Reputation: 1809
I have the following data:
pop.2017 <- c(434,346,345,357)
pop.2018 <- c(334,336,325,345)
pop.2019 <- c(477,346,145,345)
pop.2020 <- c(474,366,341,300)
total <- c(34,36,34,35)
incident_month_yr <- c("2017-2","2017-5","2018-2","2019-2")
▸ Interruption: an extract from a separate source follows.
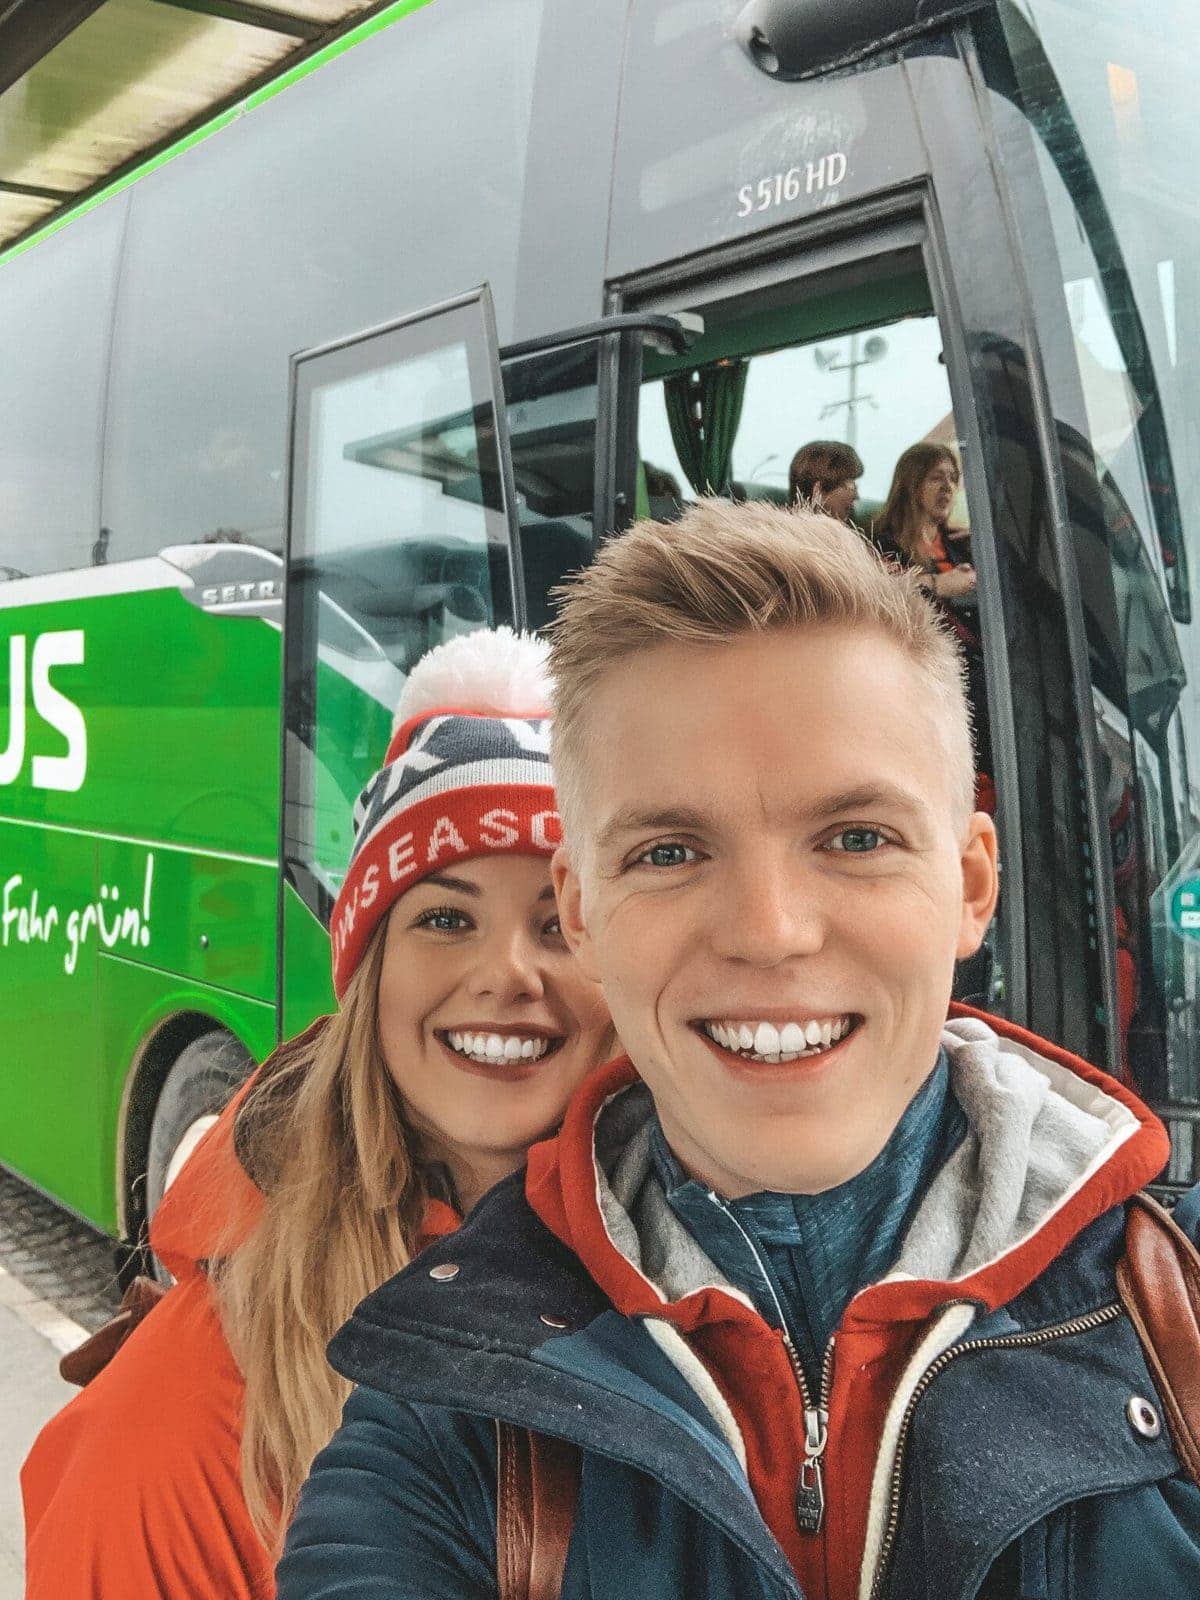 Lucka and Lukáš from Loudavým krokem with Flixbus in the background

df <- data.frame(incident_month_yr,pop.2017,pop.2018,pop.2019,pop.2020,total)
df['perc'] <- NA
For rows where incident_month_yr contains 2017, I want perc
to equal total/pop.2017
For rows where incident_month_yr contains 2018, I want perc
to equal total/pop.2018
For rows where incident_month_yr contains 2019, I want perc
to equal total/pop.2019
For rows where incident_month_yr contains 2020, I want perc
to equal total/pop.2020
I've tried this:
df$perc[grepl(2017,df$incident_month_yr)] <- df$total/df$pop.2017
df$perc[grepl(2018,df$incident_month_yr)] <- df$total/df$pop.2018
df$perc[grepl(2019,df$incident_month_yr)] <- df$total/df$pop.2019
df$perc[grepl(2020,df$incident_month_yr)] <- df$total/df$pop.2020
However, it's not applying the calculations to specific rows like I want. How can I do this?
Upvotes: 2
Views: 72
Reputation: 21908
You can use the following solution:
library(dplyr)
library(stringr)
df %>%
mutate(perc = ifelse(str_detect(incident_month_yr, "2017"), total/pop.2017,
ifelse(str_detect(incident_month_yr, "2018"), total/pop.2018,
total/pop.2019)))
incident_month_yr pop.2017 pop.2018 pop.2019 pop.2020 total perc
1 2017-2 434 334 477 474 34 0.07834101
2 2017-5 346 336 346 366 36 0.10404624
3 2018-2 345 325 145 341 34 0.10461538
4 2019-2 357 345 345 300 35 0.10144928
Special Thanks to dear @akrun
We can also replace str_detect
with grepl
function from base R to use fewer packages and use case_when
in place of ifelse
as an unnested alternative.
df %>%
mutate(perc = case_when(
grepl("2017", incident_month_yr) ~ total/pop.2017,
grepl("2018", incident_month_yr) ~ total/pop.2018,
TRUE ~ total/pop.2019
))
incident_month_yr pop.2017 pop.2018 pop.2019 pop.2020 total perc
1 2017-2 434 334 477 474 34 0.07834101
2 2017-5 346 336 346 366 36 0.10404624
3 2018-2 345 325 145 341 34 0.10461538
4 2019-2 357 345 345 300 35 0.10144928
Upvotes: 3
Reputation: 6155
Here are two approaches, one in base R and one using tidy data. The provided data is not tidy, that's why base R looks uncomfortable:
# Define the target
target <- c(0.07834101, 0.10404624, 0.10461538, 0.10144928)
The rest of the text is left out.